You Need Me to be Happy
My niece Maddie called me the other day and said, “Aunt Cristina, you need to go see “Inside Out” with us. It is the kind of movie you will love!” How could I refuse such an offer? I headed to the movie after work and excitedly sat next to my three favorite nieces. As a side note, I highly recommend the movie to all parents and kids. It does a wonderful job of not only explaining emotions, but also how the brain works, which is beautifully complicated! I won’t describe the whole movie to you, as I want you to see it, but I do want to highlight an important line from the movie. In the movie the twelve-year-old girl has difficulties adjusting to a cross- country move. She feels pressure in the movie to just “be happy” as that will make life easier for her stressed father and mother. She has an important line at the end of the movie, “You need me to be happy”, which she says to her parents. I want to unpack how that six-word line rings true in our own families.

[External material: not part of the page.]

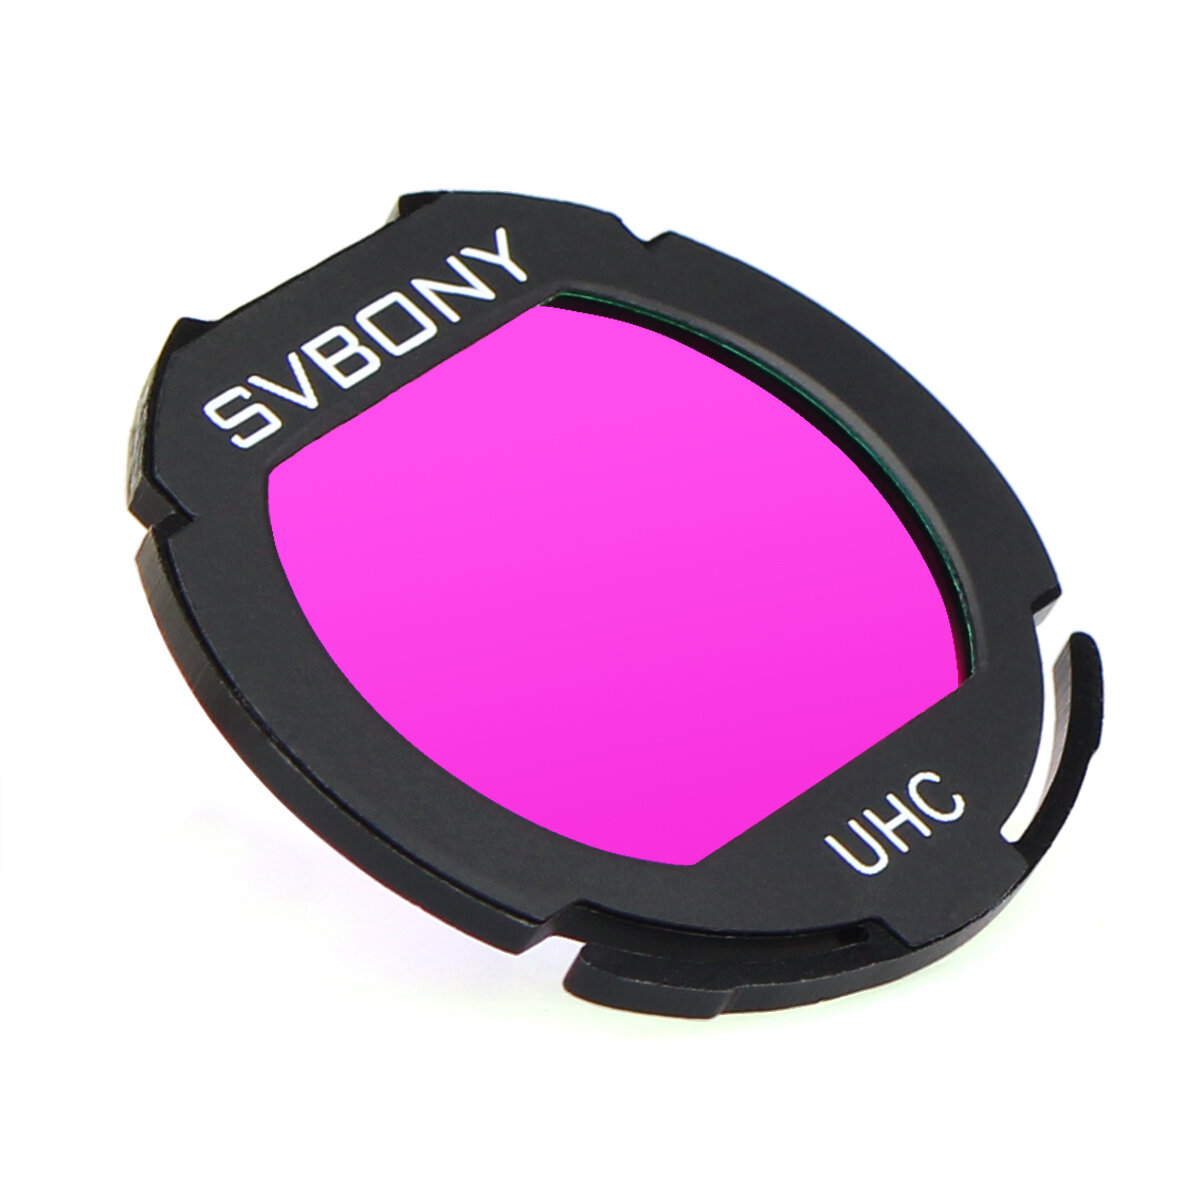 SVBONY UHC EOS Clipfilter Filter met ultrahoog contrast voor CCD-cameras en DSLR

As parents, it is easy when our kids are sharing their feelings, which evoke our own feelings, to minimize rather than validate their emotional experience. For example, your eleven-year old comes home from school and tells you that no one picked him for the football team at recess. He tells you that he thinks no one picked him because he is a slow runner and dropped a catch the day before at recess. He also thinks that the other guys may not like him and a tear rolls down his cheek. When I hear a child tell me a story like that I feel so sad in that moment and it is an emotional experience that is hard to tolerate. A typical reaction is to say, “Well, I am sure that your friends like you and tomorrow you will play better football.”

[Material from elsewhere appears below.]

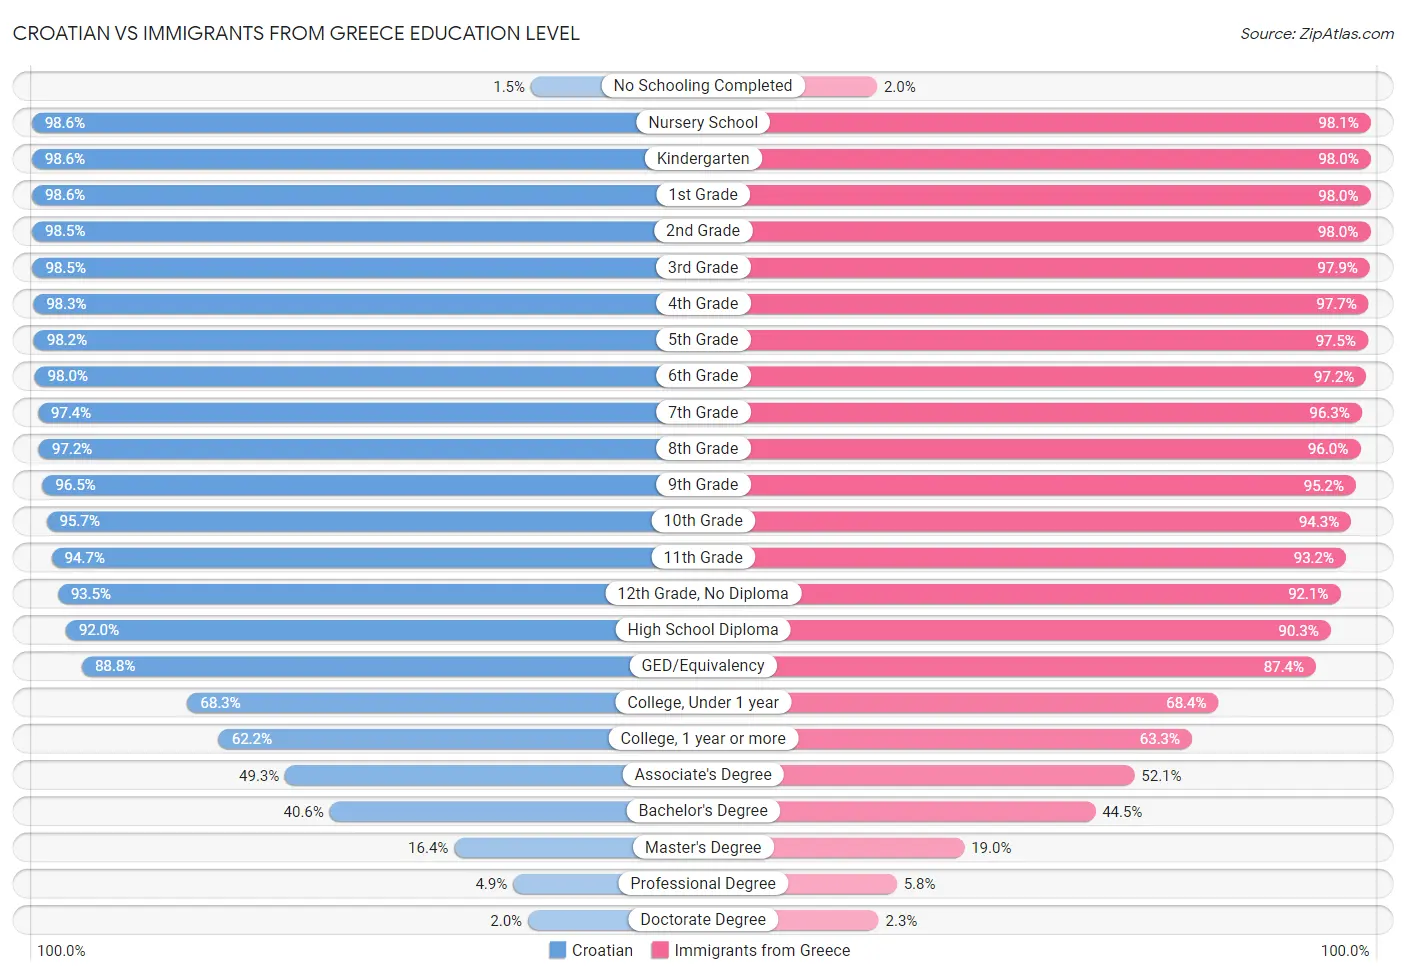 Croatian vs Immigrants from Greece Education Level

While this statement can seem innocent and even helpful on the surface, it is actually problematic. These types of statements serve to invalidate our kids’ feelings and may actually be more of an attempt to help us feel better (Who wants to hear about their child being rejected? That is painful!). It may also send the message that you need them to be happy no matter the circumstances. A more helpful response might be, “Buddy I am so sorry. You must have felt lonely at school today when you did not get to play football with the rest of the guys.” This type of response validates your child’s emotions and sends several powerful messages. Some of these messages include 1) It is okay to feel sad; 2) It is important to name and acknowledge your feelings; 3) We all have feelings and need to learn how to cope with them; 4) I, as your parent, can manage my own emotions even around your feelings; and 5) We can teach our kids to acknowledge their own emotions- as emotions speak volumes about their values. At the end of “Inside Out”, I think the girl is surprised to find that her parents can actually hear and understand her sadness. Further, the family seems closer and relationships are restored due to her sharing. From a Christian perspective, we see our Lord experience many emotions- anguish, fear, sadness, joy, and pain and he never seems to run from or minimize his emotions or the emotions of others. Instead he seems to view them as a path towards healing and restoration. What a wonderful gift to give our children - the ability to hear their emotions in order to lead them to healing and restoration!